Previously on my two-factor authentication odyssey I abandoned the Authy TOTP authentication app in exasperation. On paper, Authy ought to be the best way:
- It avoids insecure SMS for the second factor.
- You don’t get your authentication code over the network at all.
- You can back up your tokens to a secure cloud server.
- No need for printed “backup codes”.
- Get the code from an Android, iOS or Windows device.
However, my experience was poor. In the immortal words, I think it was me, not Authy. But it’s put me off. And if it’s put me off it would no doubt put a lot of others off as well. On top of protecting my own accounts I’m keen to share advice that will help and encourage other people (both techie and non-techie) to do the same. So right now, Authy isn’t on my list. Although it should be.
Having decided against doing this the “best” way, I needed to check out what security improvements I could make. So I started by investigating Google Prompt. This is a bit like getting a code via SMS but instead you see a prompt on your nominated device (usually your smartphone). Instead of entering a code in the Google login dialogue, you respond to the prompt on your phone. If you accept the prompt, the login completes and if you reject the prompt (perhaps because it’s some evil person trying to access your account, and not you), the login is rejected.

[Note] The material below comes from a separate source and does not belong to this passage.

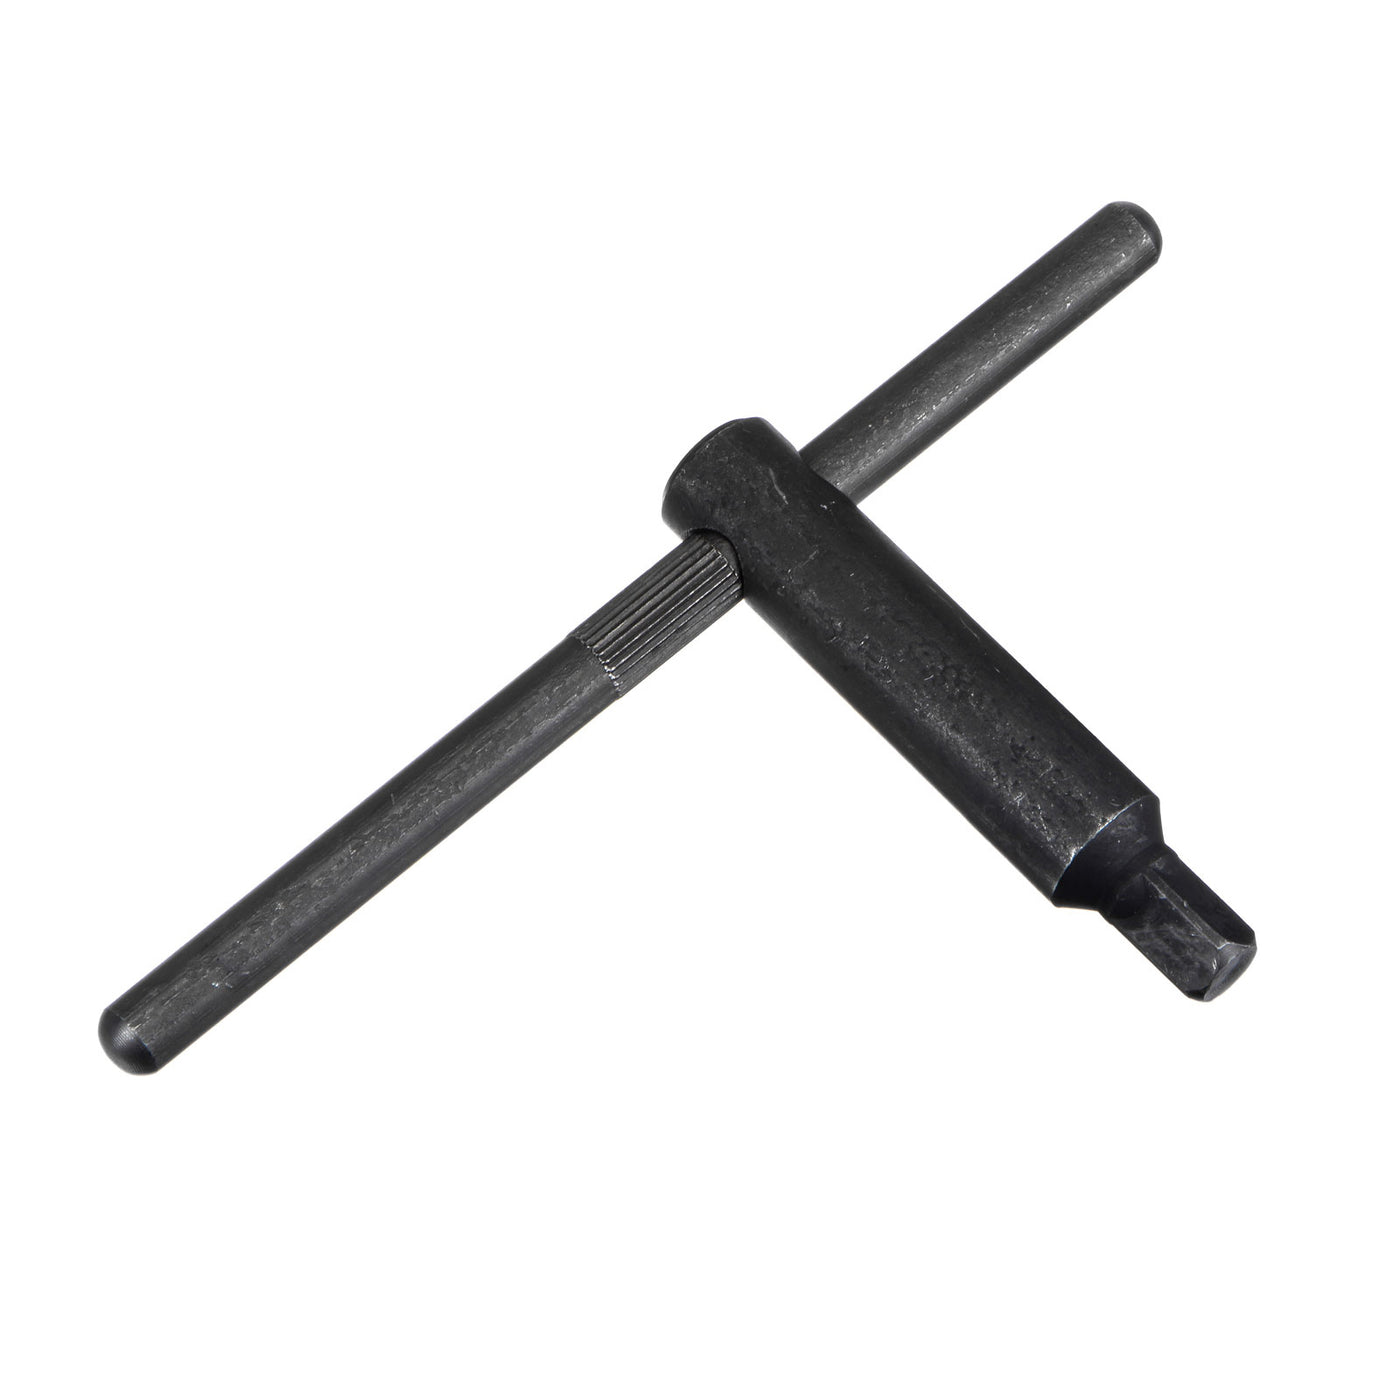 Uxcell Uxcell Lathe Chuck Wrench, 14mm Square Head Key Spanner Tool (L200x220mm)
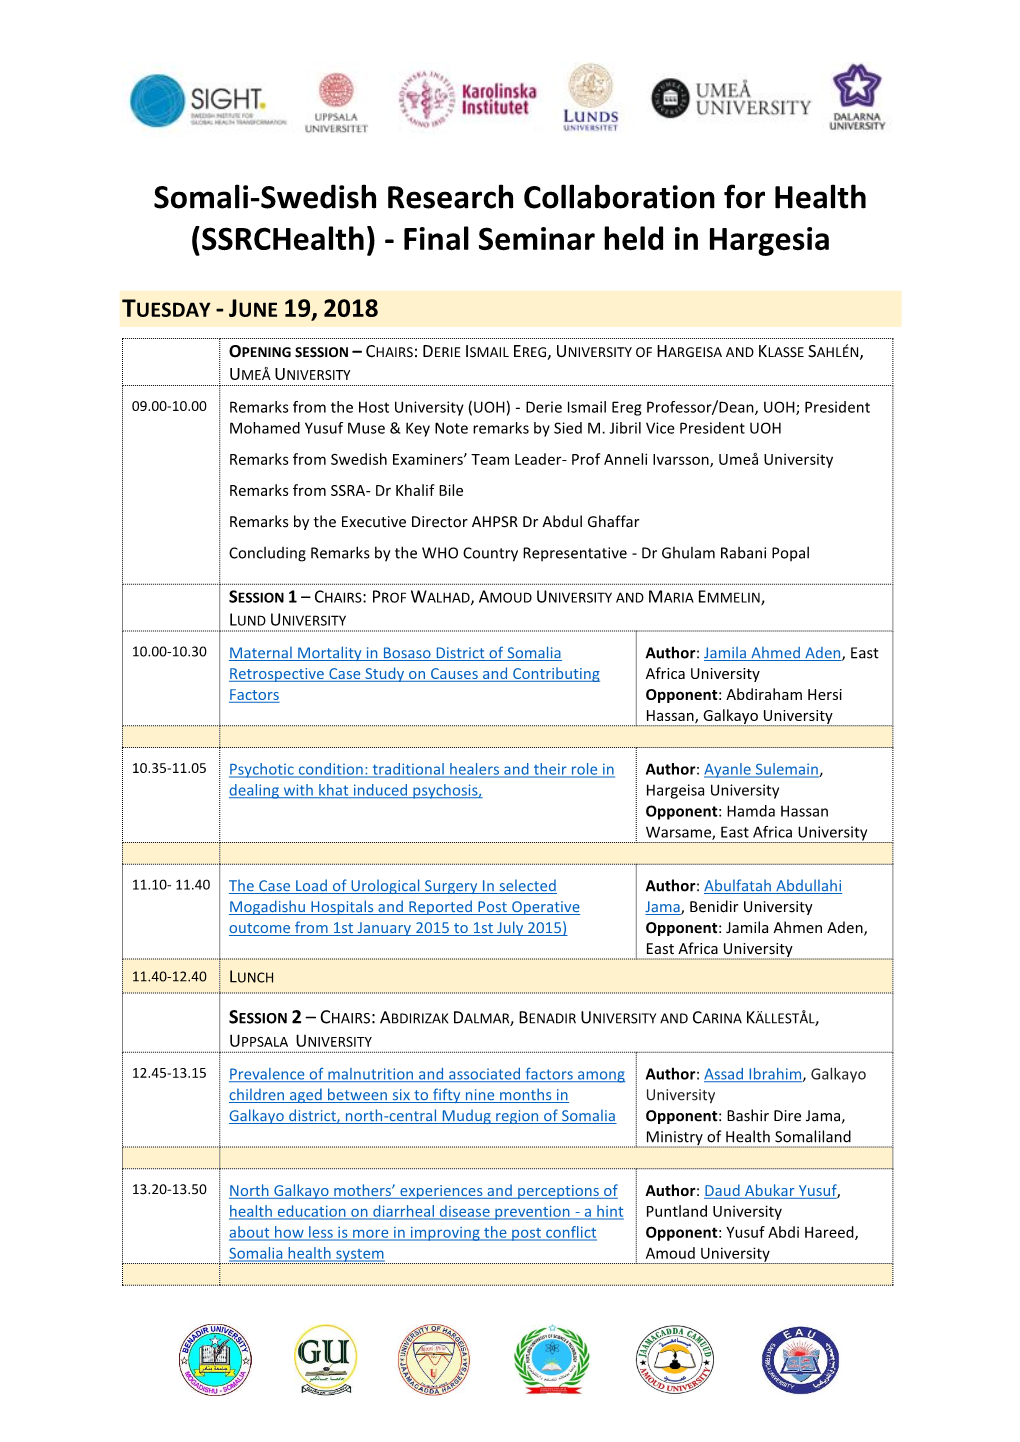 Somali-Swedish Research Collaboration for Health (Ssrchealth) - Final Seminar Held in Hargesia

It was easy to set up and it works. After initial setup I’ve not received any prompts because I trust all of my devices (phone, iPad and PC). If I ever need to log in to another device I’ll get a prompt. (Security enthusiasts will point out that trusting my devices reduces my security level because if someone steals one they’ll be able to log in to my account – in fact, they won’t even need to log in because the account is set to “stay signed in”, as is common for many of us. And it’s hard to argue with that – except that all my devices also require a login or PIN to access them. So, yeah, if you steal my phone and can crack the PIN then you’re in. But the chances are I’ll have wiped my Android phone before you can do that. Oh, but on the other hand, I’m not sure I’ve set up Find My iPad, so that’s something I need to look into…but I digress.)
Unlike text messages, Google prompts are encrypted so can’t be grabbed by “man in the middle” attacks. And the 2FA is tied to your device, not your phone number. That makes SIM-swap attacks harder to do. However, I’ve read that smartphone geeks can clone an entire phone, thus fooling another bit of hardware into thinking it’s your phone, thereby thwarting your 2FA. But, really, what are the chances? Overall, this form of 2FA increases security and avoids the biggest weakness of SMS.
I still need a backup second factor. I really, really don’t want to use those “printable backup codes”, because, well, who wants to have to carry a secret bit of paper around just in case your phone dies or is lost / stolen? With Google, the default backup method is – you guessed it – SMS. But what I’ve done is to use my spouse’s phone number instead of mine. After all, there’s no point using my number if my phone is dead / lost / stolen.
Even with that backup method in place, Google urges me to set up a third option – either a hardware security key or those wretched printable backup codes. I’m not convinced I need a third method because for me to be locked out of the account I’d have to have lost both my phone and my spouse’s phone. Which, thinking about it, could happen, I guess…but I really, really don’t want to use those “printable backup codes”, because, well, who wants to have to carry a secret bit of paper around? And if I want my mum or non-techie friend to set up 2FA on their account and I start talking about needing to keep backup codes securely somewhere as well as their login credentials, they’re just going to say no.
Thinking aloud here, I guess, in my case, I could keep the backup codes in my password manager. But then, in the mythical scenario where I need to log into my Gmail and I don’t have access to my phone or my spouse’s phone, what if I don’t have access to my password manager? But no – if I’m on a computer with web access I can access the password manager because it’s available online. (And thereby hangs another debate, I know…) So anyway, I could use backup codes. But my mum wouldn’t. And she doesn’t use a mobile that much either so even old-fashioned SMS 2FA would be out of the question for her.
Later…I’ve given in and generated the Google backup codes. They’re now safely stored in my password manager.
So, for this one account I’m happy it’s now more secure and that I won’t get locked out. Now I’ll move on to seeing what options I have for other accounts.
One thing is clear: This is not easy to do. I just hope service providers will continue innovating to make 2FA a lot simpler. That’s the only way it’s going to be widely adopted.